Rick Hughes

Personal information
- Born: August 22, 1973 (age 52) Cincinnati, Ohio, U.S.
- Listed height: 6 ft 9 in (2.06 m)
- Listed weight: 235 lb (107 kg)

Career information
- High school: Walnut Hills (Cincinnati, Ohio)
- College: Thomas More (1992–1996)
- NBA draft: 1996: undrafted
- Playing career: 1996–2012
- Position: Power forward / center
- Number: 3

Career history
- 1996–1997: Dakota Wizards
- 1997–1998: Omonia Nicosia
- 1998–1999: Club Rosaire
- 1999–2000: Dallas Mavericks
- 2000: Idaho Stampede
- 2001: Ourense
- 2002: Kansas City Knights
- 2002–2003: JDA Dijon Basket
- 2003: Sporting Al Riyadi Beirut
- 2003–2004: Strasbourg IG Basket
- 2004: Teramo Basket
- 2006: Murcia
- 2006–2008: León
- 2008–2009: HTV Basket
- 2009–2010: León
- 2010: APOEL
- 2010–2012: HTV Basket

Career highlights
- French League Foreign MVP (2004); 2× French League Best Scorer (2004, 2011);
- Stats at NBA.com
- Stats at Basketball Reference

= Rick Hughes =

American basketball player (born 1973)

Rick Hughes (born August 22, 1973) is an American former professional basketball player. He was the French League Best Scorer, in 2004 and 2011.

==College career==
Hughes graduated from Walnut Hills High School, in Cincinnati, Ohio, in 1991, and afterwards, he attended Thomas More College. He was a four-year standout while at TMC, during the 1992–1996 seasons. He is the only player in the now defunct conference (AMC), to have been the Rookie of the Year, a four-time Player of the Year, a four-time Conference First Team Selection, a three-time Tournament MVP, a four-time Tournament First Team selection, and a four-time scoring leader. Hughes was also a Division 3 All-American during his junior and senior seasons. He left Thomas More as the school's all-time scoring leader with 2,605 points, and currently holds ten additional records. In 2002, Hughes was selected to Thomas More College's Hall of Fame.

==Professional career==
Not drafted as a senior, Hughes was forced to go the free agent route, earning a spot with the Phoenix Suns, for the Summer Pro League in Los Angeles. Eventually, he went to Cyprus to play, and excelled in his first professional season. He averaged over 26 points and 13 rebounds per game, and once again garnered interest from the NBA, this time from the Atlanta Hawks. With the NBA lockout looming, Hughes went back overseas; this time to Lebanon. During the 1998–1999 season, Hughes averaged over 36 points and 15 rebounds per game.
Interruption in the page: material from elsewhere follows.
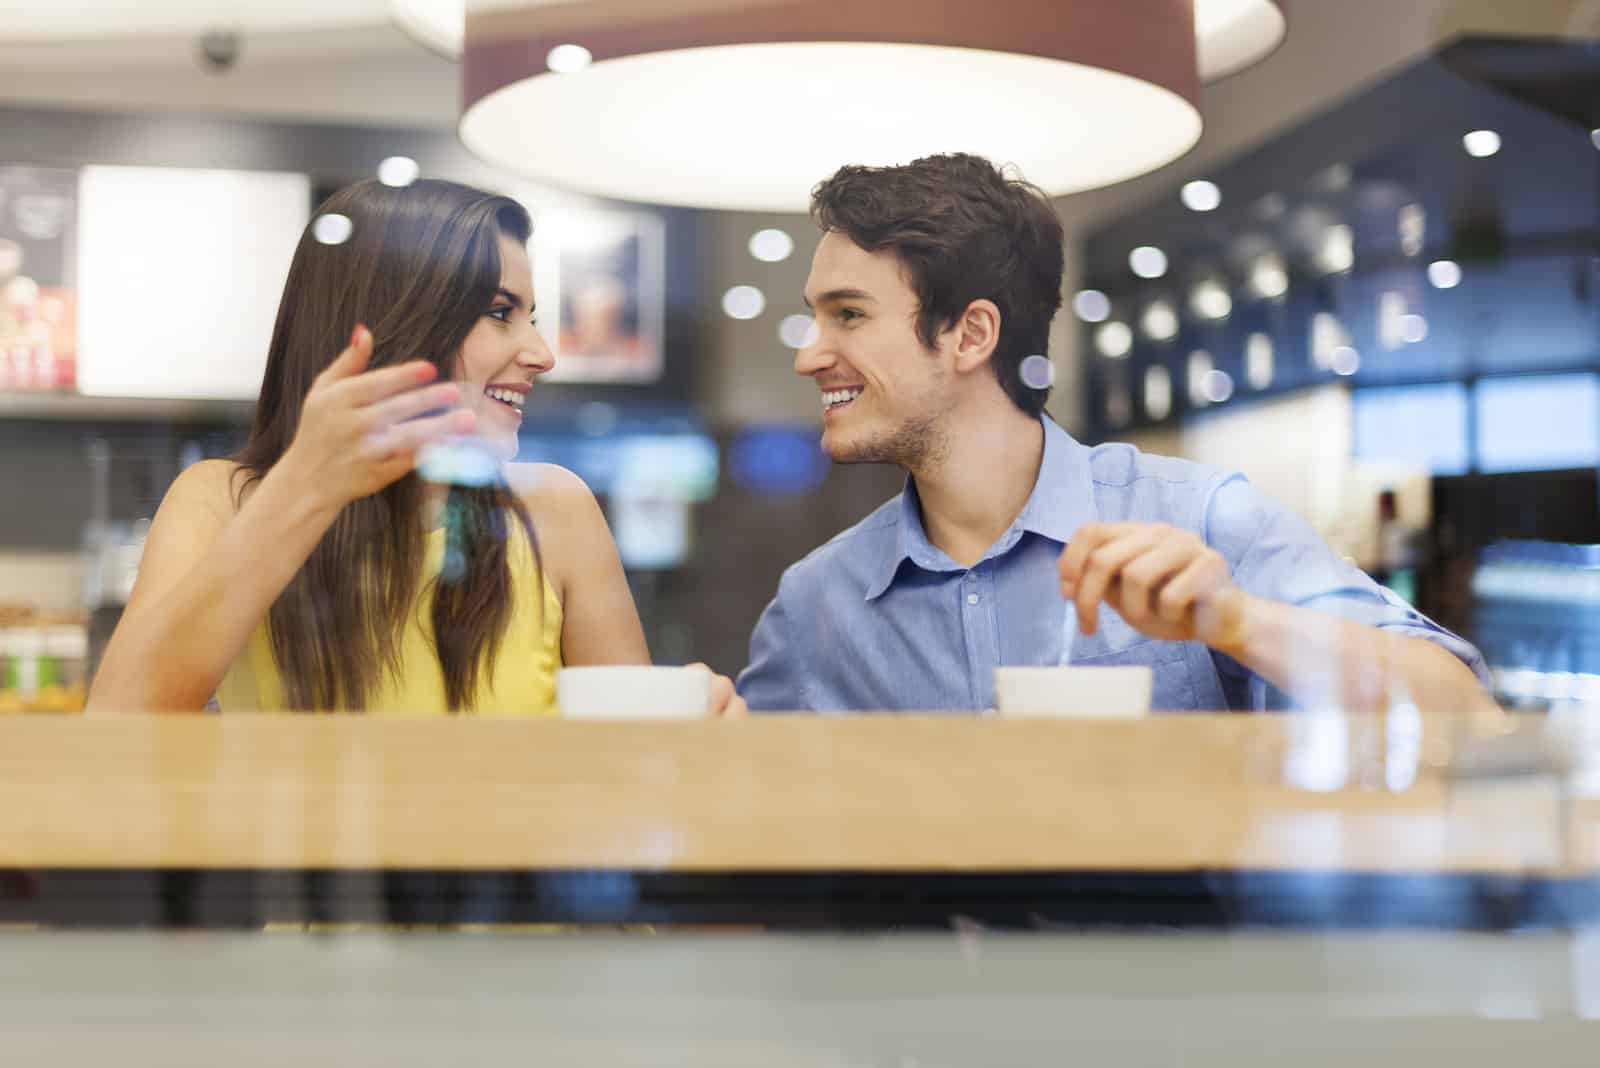 a smiling man and woman sit at a table and talk

After a stint with the Dallas Mavericks, he went back to Europe, in January 2000, and began the next step in his pro career. Having played in Cyprus, Lebanon, Italy, Spain, and France, Hughes won multiple titles, promotions to higher divisions, and MVP awards, along with numerous scoring titles, showing his ability to adapt and compete at an advanced age.